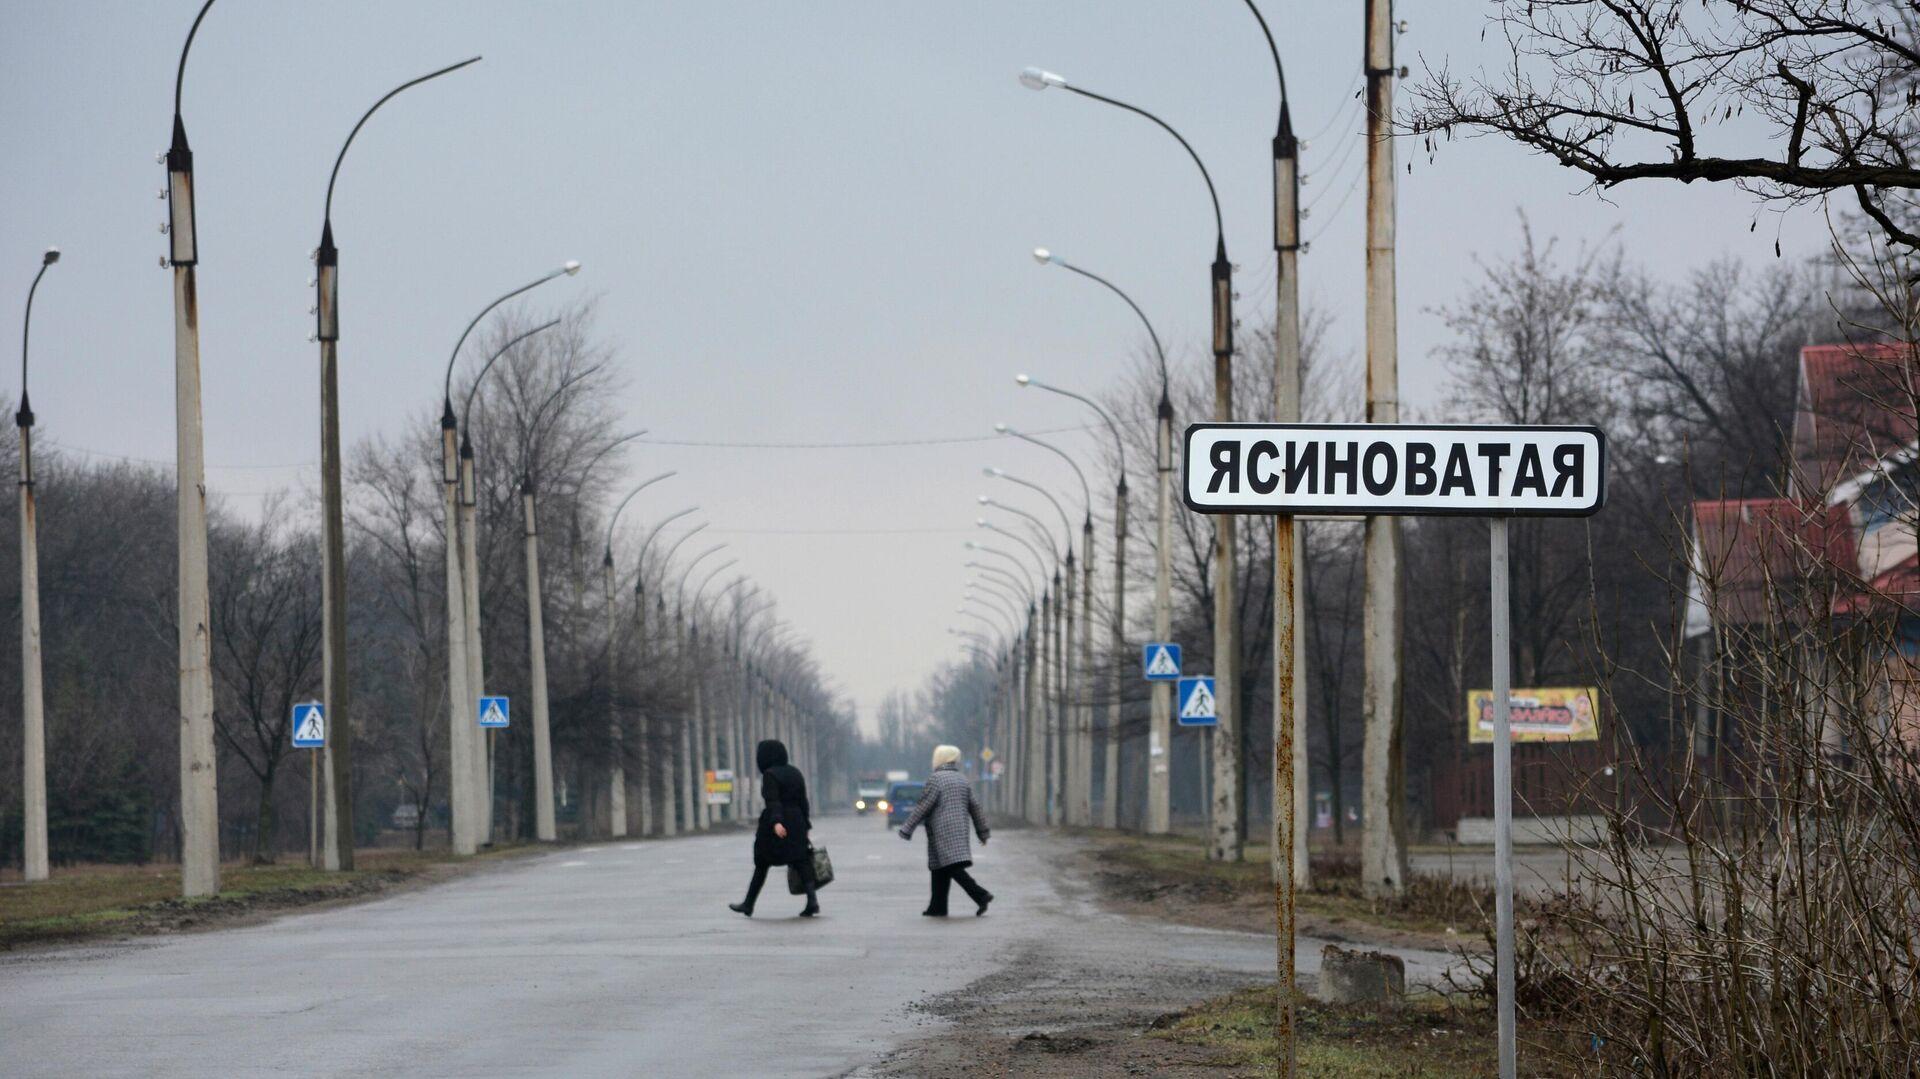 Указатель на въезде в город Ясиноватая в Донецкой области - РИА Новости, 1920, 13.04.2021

* * * *

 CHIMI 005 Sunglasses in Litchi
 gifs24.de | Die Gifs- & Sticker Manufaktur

* * * *

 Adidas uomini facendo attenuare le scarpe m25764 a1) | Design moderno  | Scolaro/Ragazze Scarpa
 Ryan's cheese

* * * *

- Task brief
Retype only the lines above between the line with "CHIMI 005 Sunglasses in Litchi" and the line with "gifs24.de | Die Gifs- & Sticker Manufaktur", counting those two lines as well, and keep every character as it is.

- Response to the task
 CHIMI 005 Sunglasses in Litchi
 gifs24.de | Die Gifs- & Sticker Manufaktur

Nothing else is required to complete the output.